The lower the vaccine effectiveness, the higher the level of coverage we’ll need to control COVID well.

Five vials of the Pfizer vaccine lined up in a row.

Vaccine effectiveness can differ between different vaccines. Daniel Pockett/AAP

2. We cannot cover the entire population yet

The Pfizer vaccine has now been provisionally approved ^[8] for 12-15-year-olds in Australia. If it becomes routinely recommended for this age group, it will still take time to vaccinate them. Even once that occurs, there will remain a gap in our population protection among younger children.

Children should benefit somewhat from adult vaccination. In England, where overall ^[9] vaccine uptake is 48.5% for two doses, there was initially a decline ^[10] in infections for children aged under ten years. This is partly due to indirect protection offered by adults being vaccinated.

3. Population protection will vary in time and space

There is rarely a neat threshold after which everything changes for good. Vaccine protection in individuals is likely to wane over time. With that and new variants appearing, we will almost certainly need boosters to sustain population protection against COVID-19.

With influenza vaccination, we rarely even talk about herd immunity, because the duration of protection is so short. By the next flu season, immunity from the current season’s vaccine will be much less effective against the newest viral strain.

Spatially, protection can vary across localities and demographics. Even in a country that has reached a herd immunity threshold for vaccination coverage against measles, you can see small outbreaks ^[12] in pockets of lower coverage in kids, or where a cohort of teens and adults weren’t adequately vaccinated as children.

The capacity to achieve herd immunity is also affected by population density and how much people in a population mix with a variety of others — what’s called heterogeneity of mixing.

A group of children playing a game of tug-of-war in a park.

We don’t yet have a COVID vaccine approved for children under 12. Shutterstock ^[13]

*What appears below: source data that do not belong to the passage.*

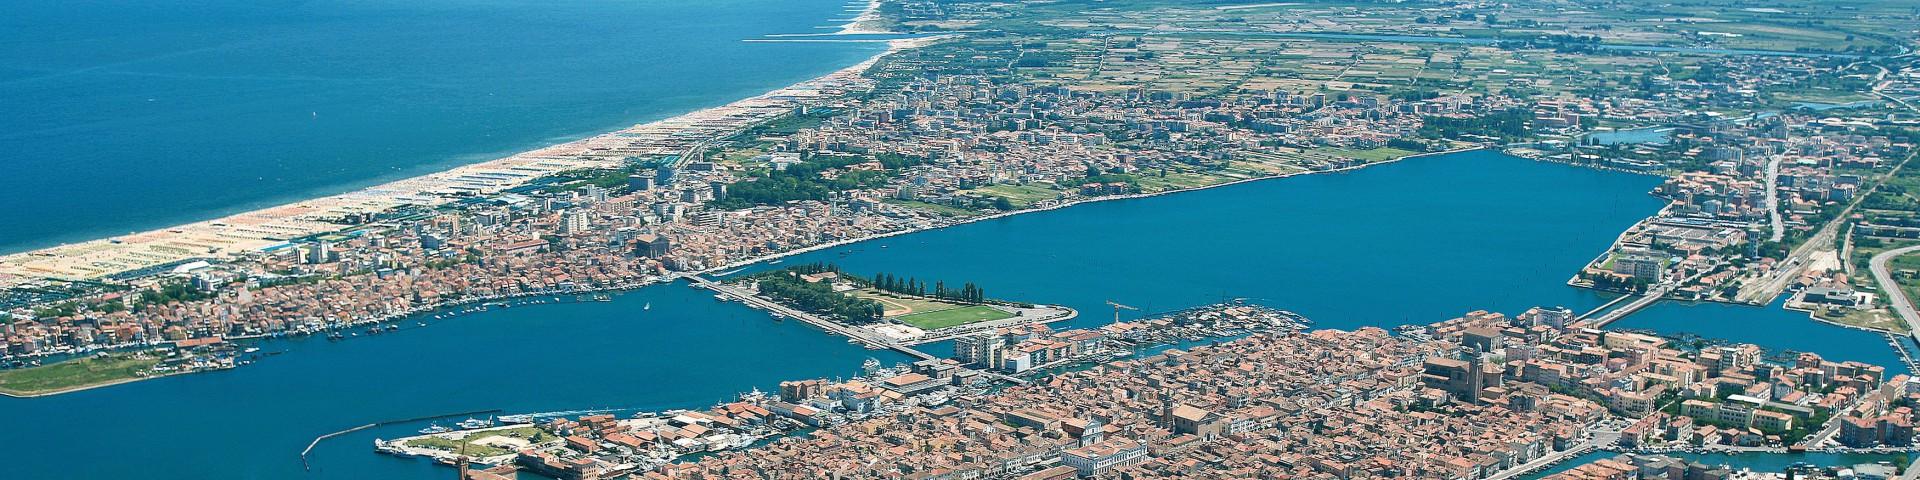 Sottomarina a Chioggia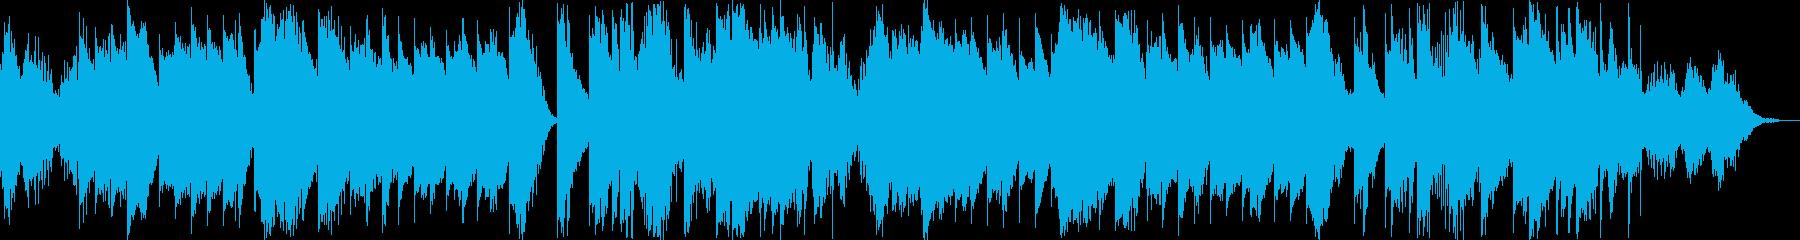 エレクトロニック 説明的 気分が良...の再生済みの波形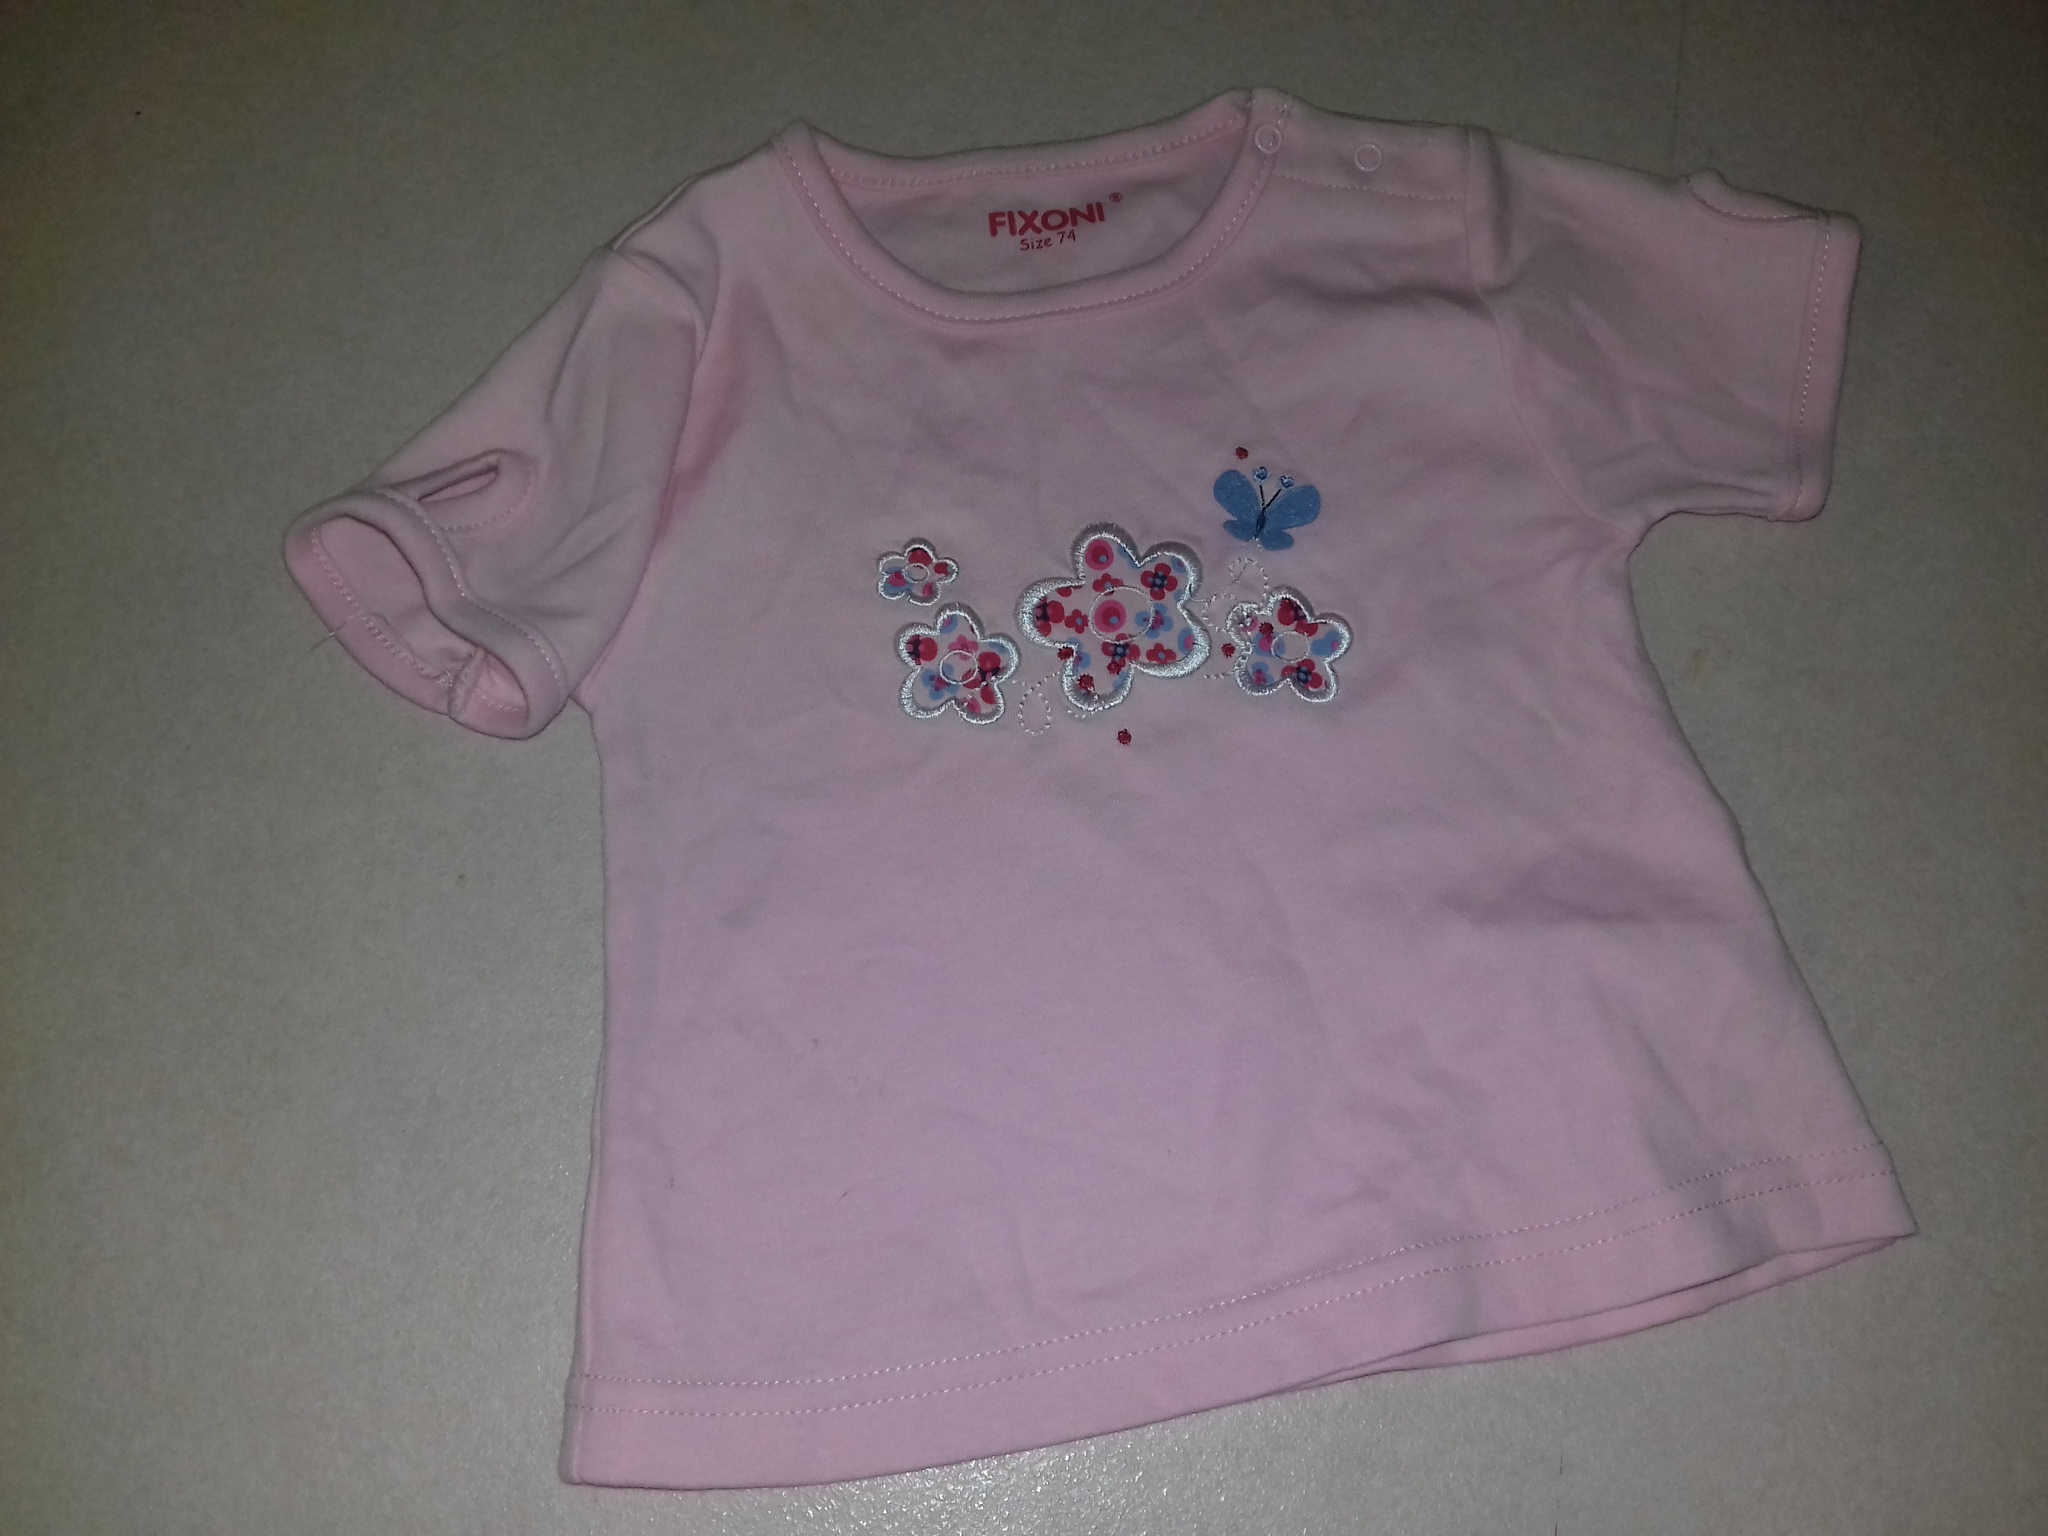 Fixoni rózsaszín virág mintás baba poló  c9e961d5c0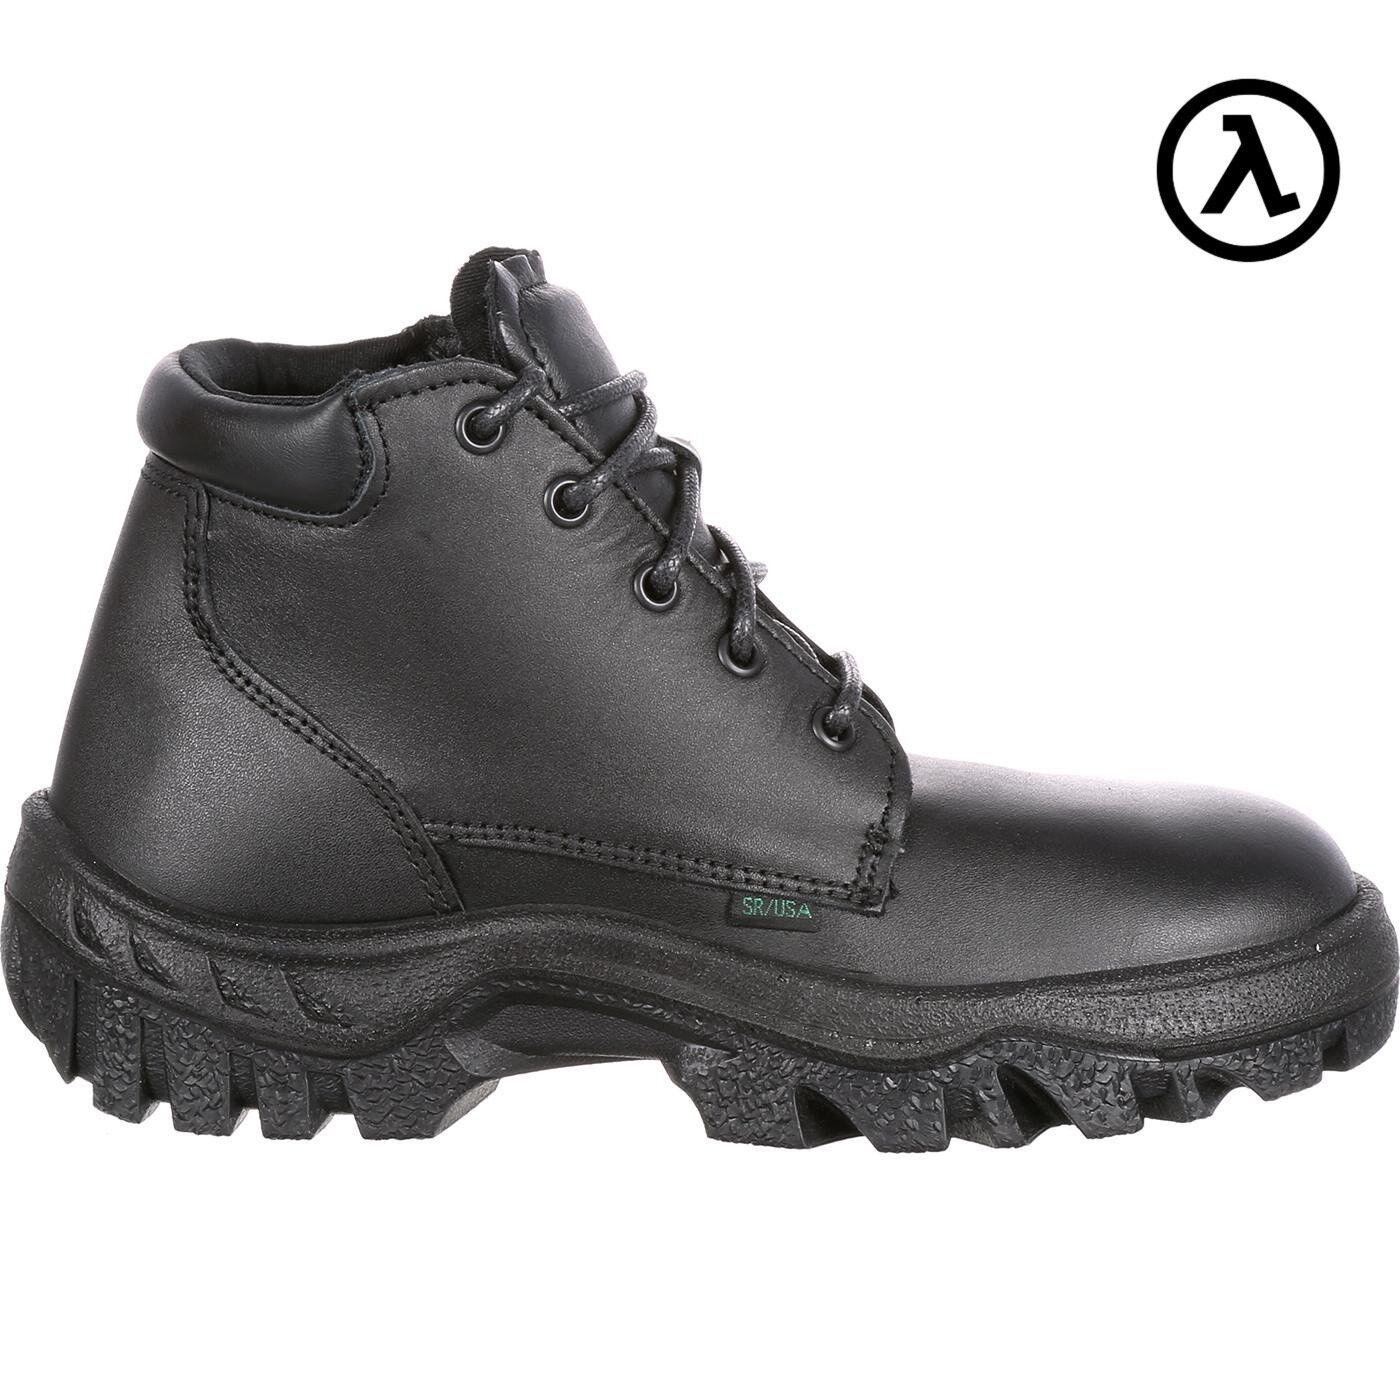 Rocky TMC Postal-aprobado para mujer botas de Trabajo Chukka Chukka Chukka FQ0005105  todos Los Tamaños-Nuevo  Tienda de moda y compras online.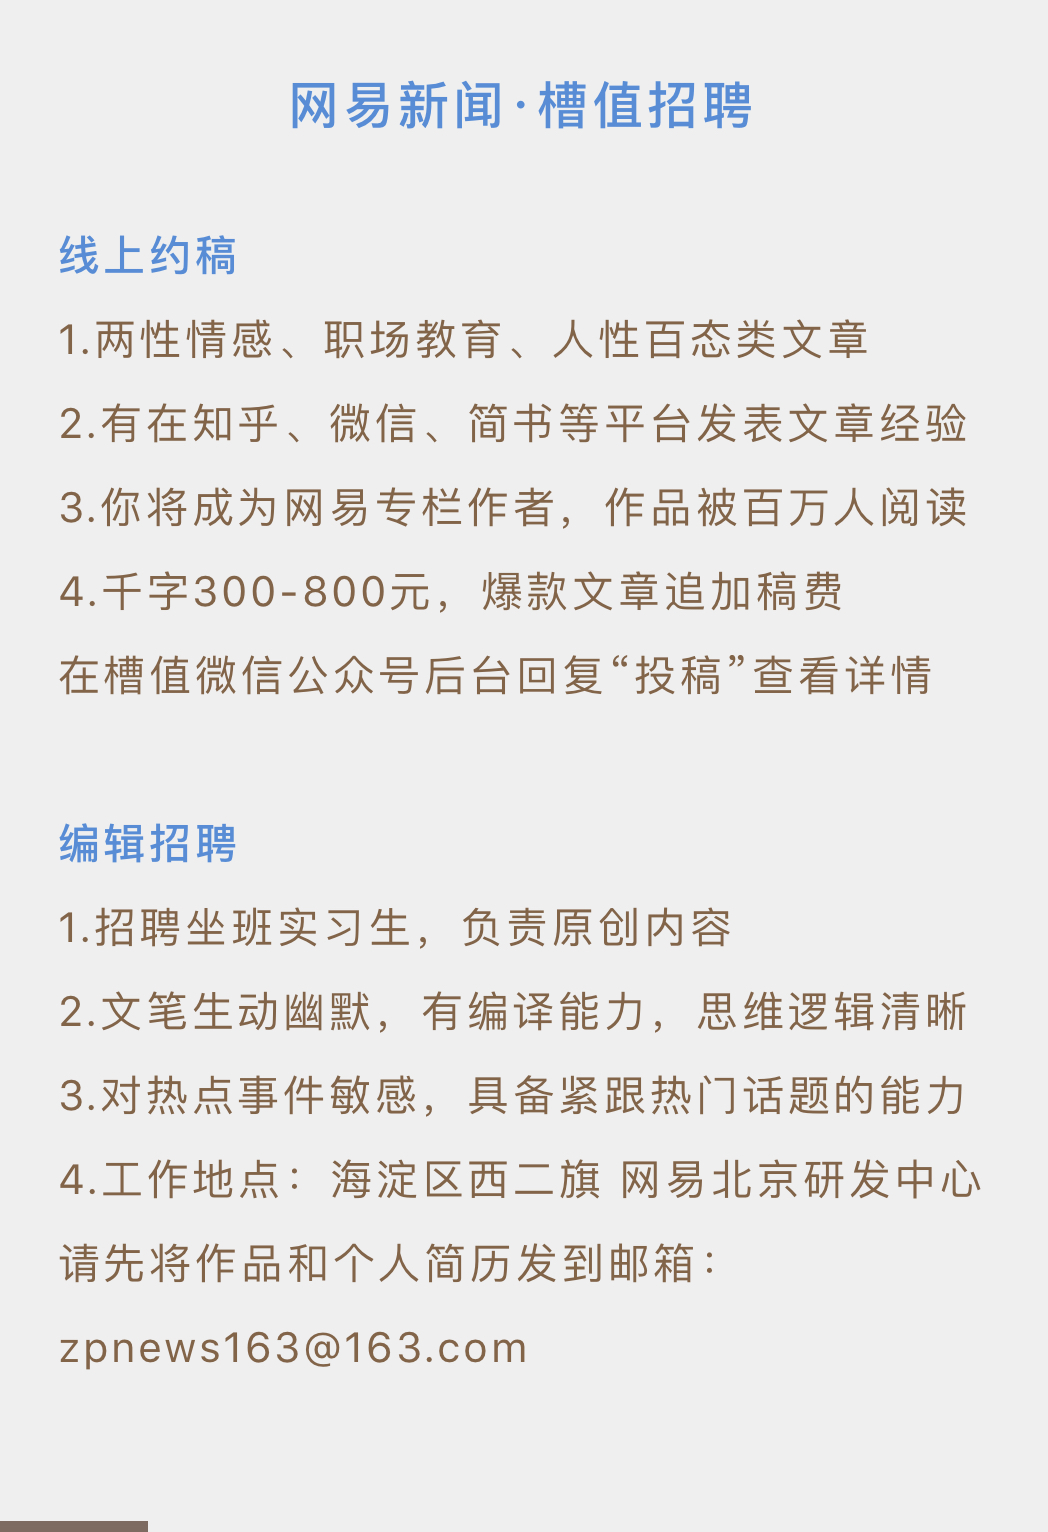 国外早已叫停的运动,中国学生还在狂做

Life will gradually change as more people are vaccinated

Given these factors, it’s understandable experts often avoid giving a single figure for herd immunity.

With the infectiousness of Delta, we will need very high vaccination rates. Then, life will look different, particularly once this happens globally. Australia will be able to relax its border restrictions. We will likely see modified forms of quarantine, such as home quarantine ^[14], for those who are fully vaccinated.

COVID outbreaks will happen, but they will be less risky, with fewer people susceptible to serious illness. City or state-wide outbreaks will be replaced by more localised ones.

We will still require good public health measures like rapid contact tracing and isolation. Rapid tests may be used more often. New treatments may be found.

All the while, we need to be as concerned about global vaccine coverage as we are about national coverage. Because all people, regardless of means, have a right to the freedoms and security that come from COVID-19 protection.

And as we’ve heard ^[16] from global leaders, “None of us will be safe until everyone is safe”.